代码之家  ›  专栏  ›  技术社区  ›  Schütze

python图像大小不匹配导致索引错误:布尔索引与维度0上的索引数组不匹配

  •  0
  • Schütze  · 技术社区  · 6 年前

    我有以下代码加载数据集,将图像大小调整为1200*800,加载其注释,然后报告准确性和预测:

    # resize images
    resized_images = []
    file_names = glob(os.path.join(IMAGE_DIR, "*.jpg")) 
    for i in range(len(file_names)):
        print("Resizing: " + str(i))
        image = skimage.io.imread(file_names[i])
        image_resized = resize(image, (1200, 800),anti_aliasing=True)

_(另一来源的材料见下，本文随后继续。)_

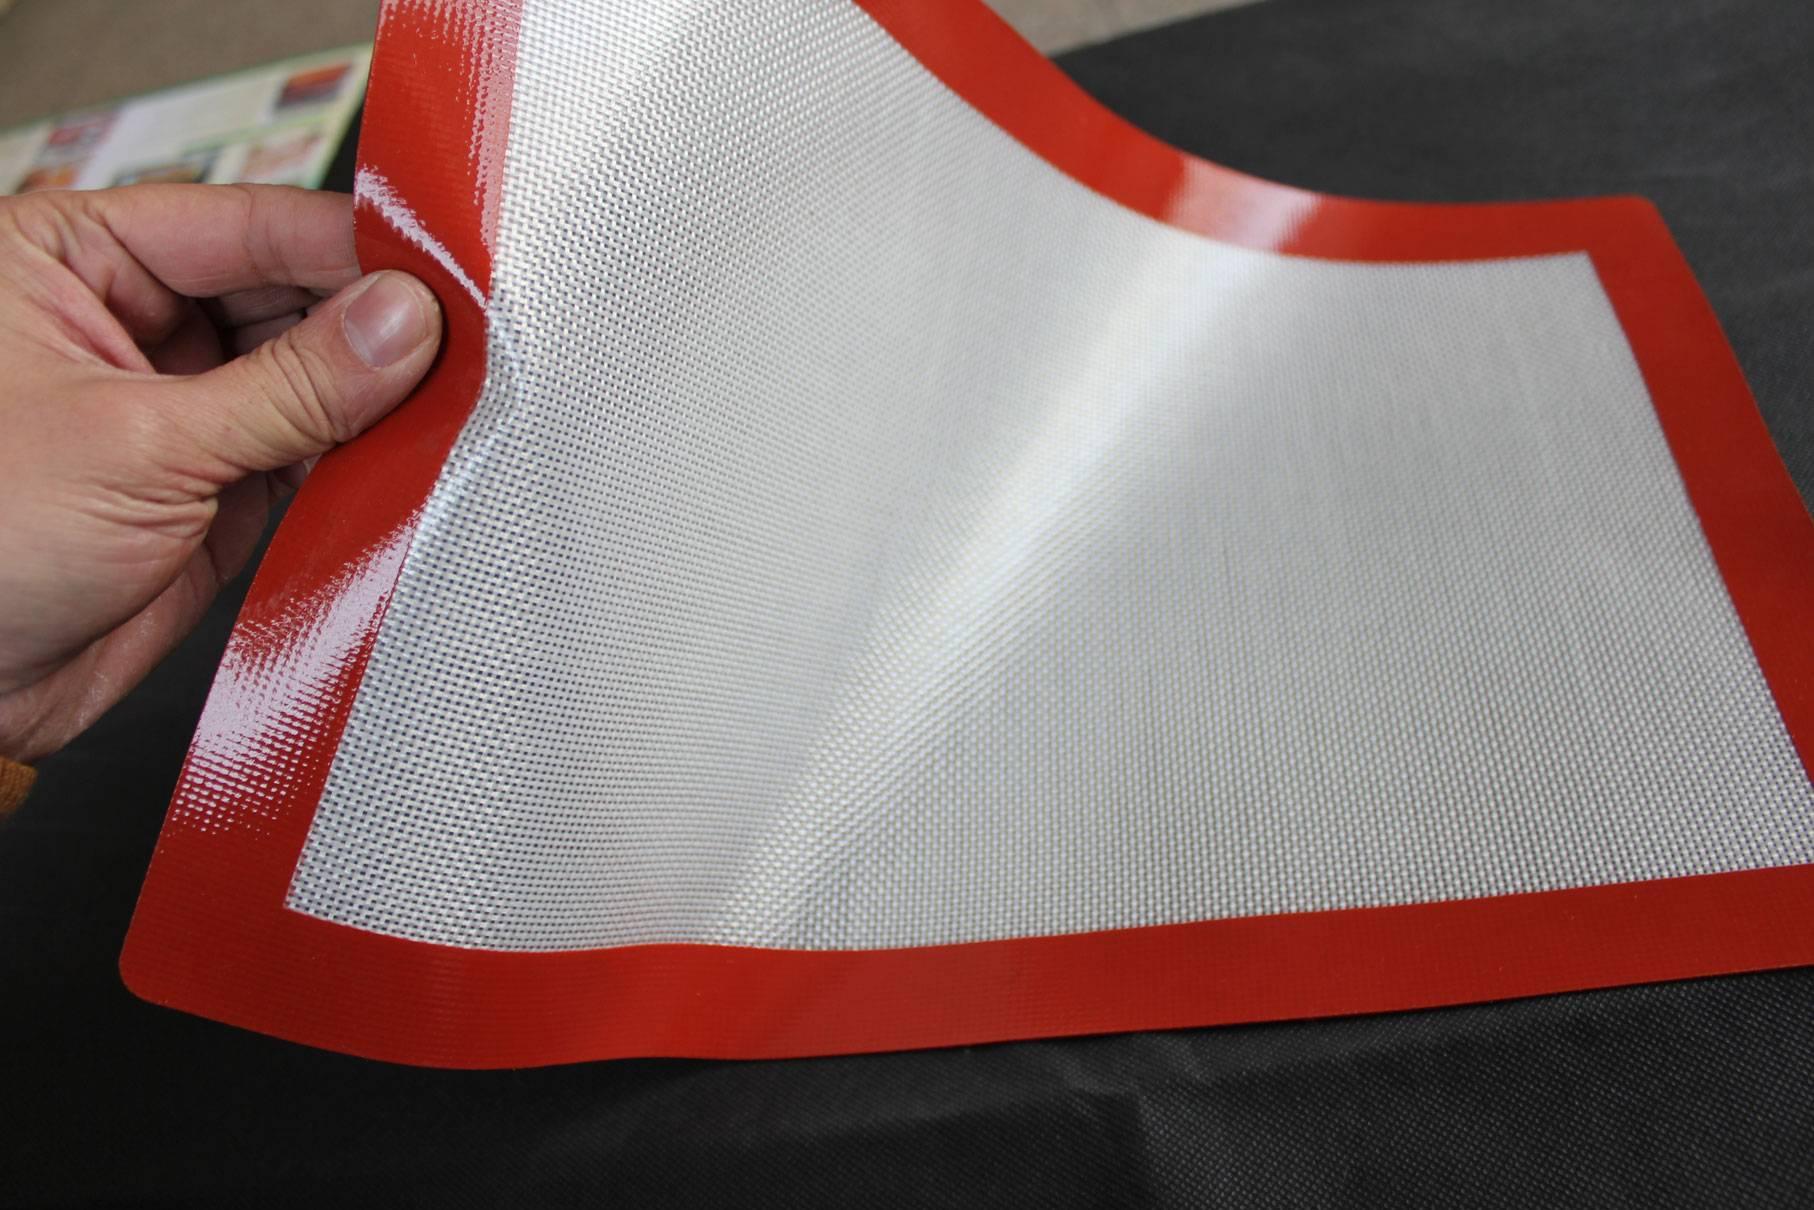 fiberglass silicone kitchen mat

        resized_images.append(image_resized)
    
    
    
    masks_prediction = np.zeros((1200, 800, len(file_names)))

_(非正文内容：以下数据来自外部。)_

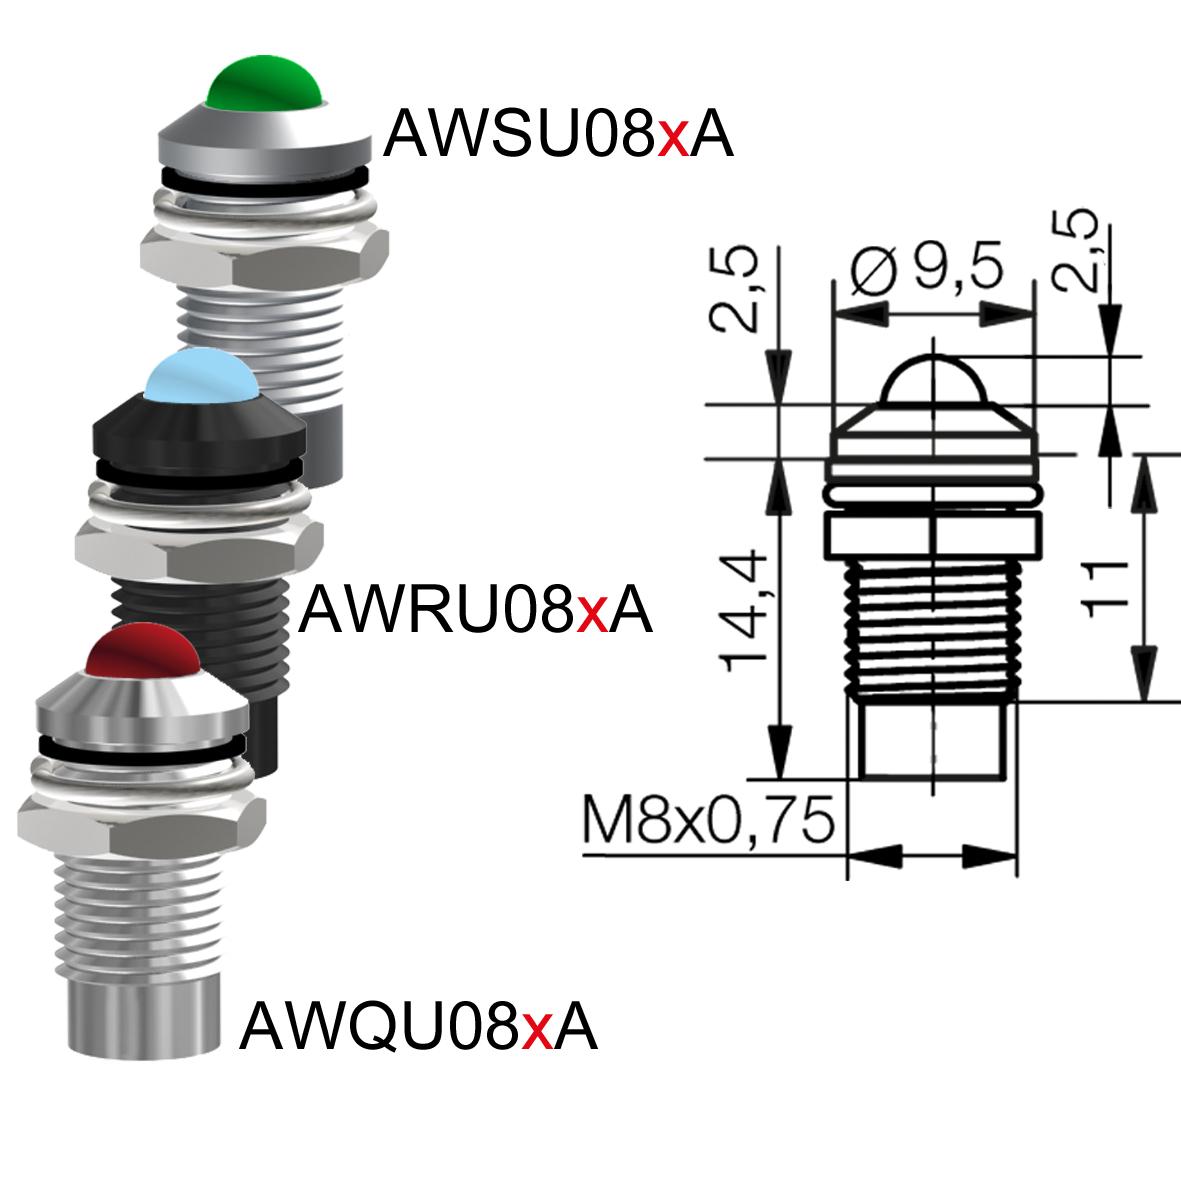 LED-Leuchtelement Ø8mm IP67 Innenreflektor / Außenreflektor

    for i in range(len(resized_images)):
        print(i)
        image = resized_images[i]
        predictions = model.detect([image],  verbose=1)
        p = predictions[0]
        masks = p['masks']
        merged_mask = np.zeros((masks.shape[0], masks.shape[1]))

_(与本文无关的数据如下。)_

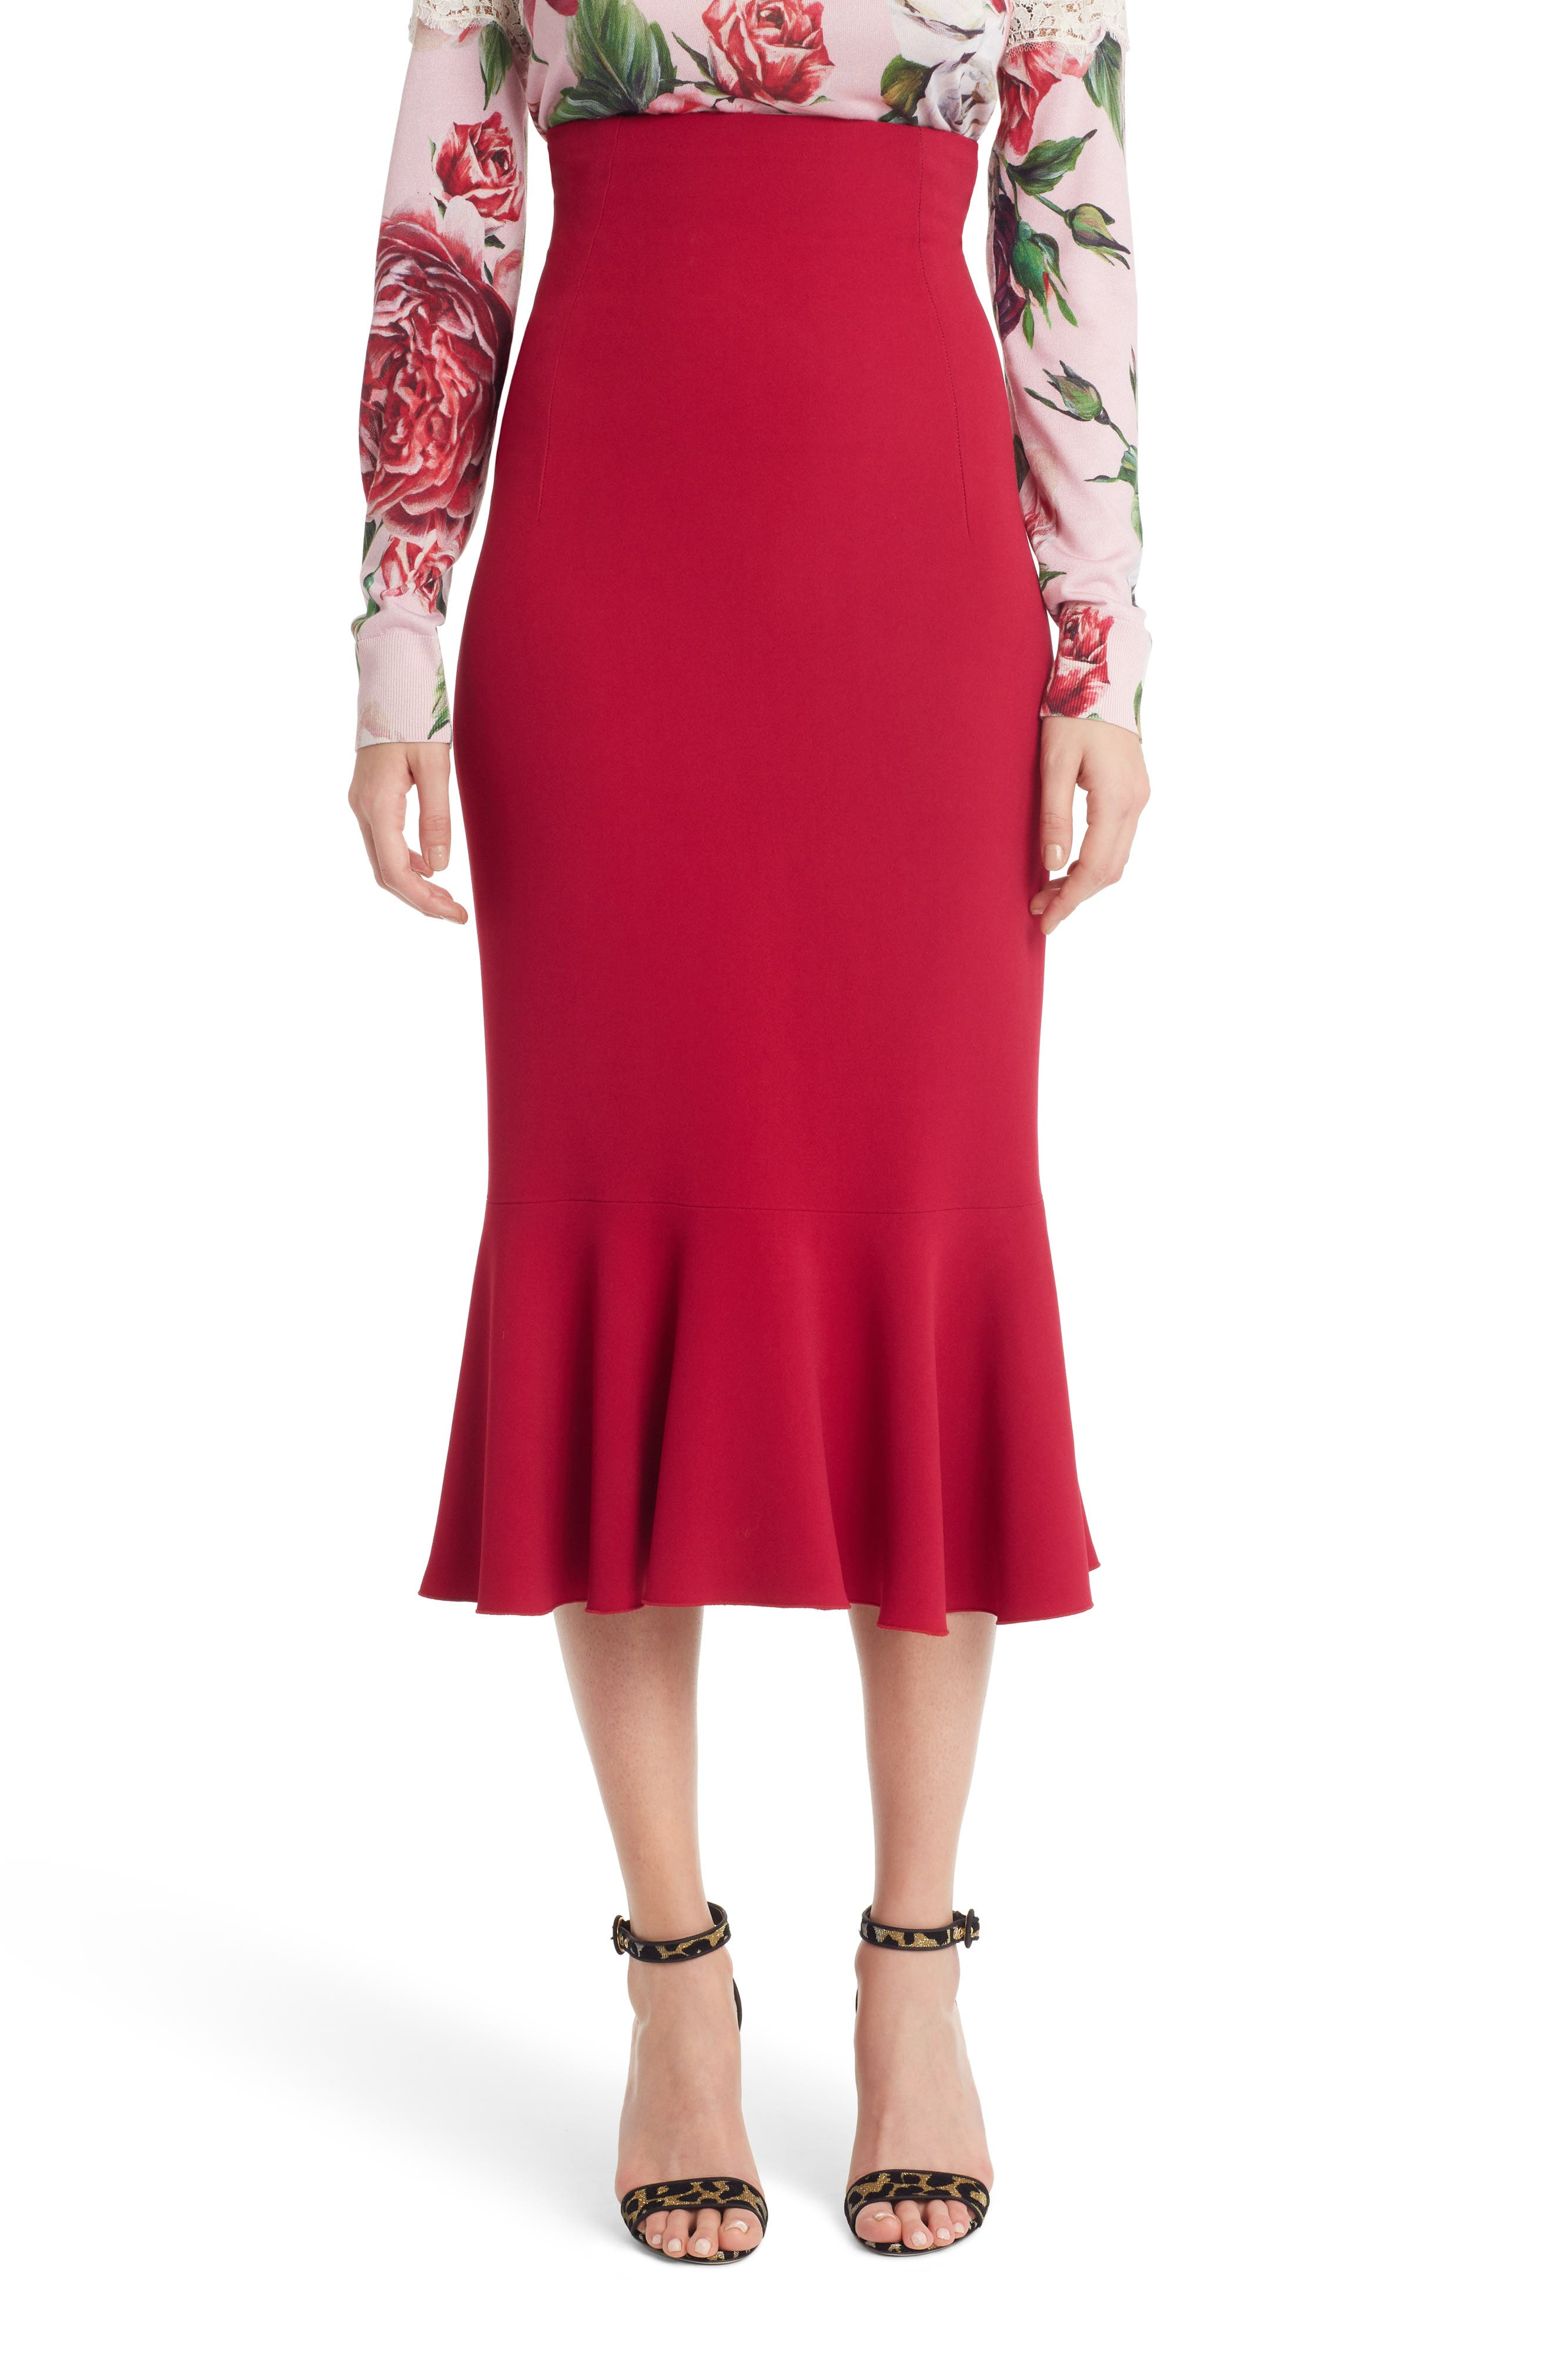 Dolce&Gabbana Ruffle Hem Cady Pencil Skirt

        for j in range(masks.shape[2]):
            merged_mask[masks[:,:,j]==True] = True
            masks_prediction[:,:,i] = merged_mask
    print(masks_prediction.shape)
    
    #load annotations
    dataset = components.ComponentsDataset()
    dataset.load_components(ANNOTATION_DIR, "predict")
    resized_images = []
    file_names = glob(os.path.join(IMAGE_DIR, "*.jpg")) 
    for i in range(len(file_names)):
        print("Resizing: " + str(i))
        image = skimage.io.imread(file_names[i])
        image_resized = resize(image, (1200, 800),anti_aliasing=True)
        resized_images.append(image_resized)
    
    # report the accuracy and prediction
    accuracy = 0
    precision = 0
    for image_id in range(len(dataset.image_info)):
        name = dataset.image_info[image_id]['id']
        file_name = os.path.join(IMAGE_DIR, name)
        image_id_pred = file_names.index(file_name)
        merged_mask = masks_prediction[:, :, image_id_pred]
    
        annotated_mask = dataset.load_mask(image_id)[0]
        merged_annotated_mask = np.zeros((1200, 800))
        for i in range(annotated_mask.shape[2]):
            merged_annotated_mask[annotated_mask[:,:,i]==True] = True
        accuracy  += np.sum(merged_mask==merged_annotated_mask) / (1200 * 800)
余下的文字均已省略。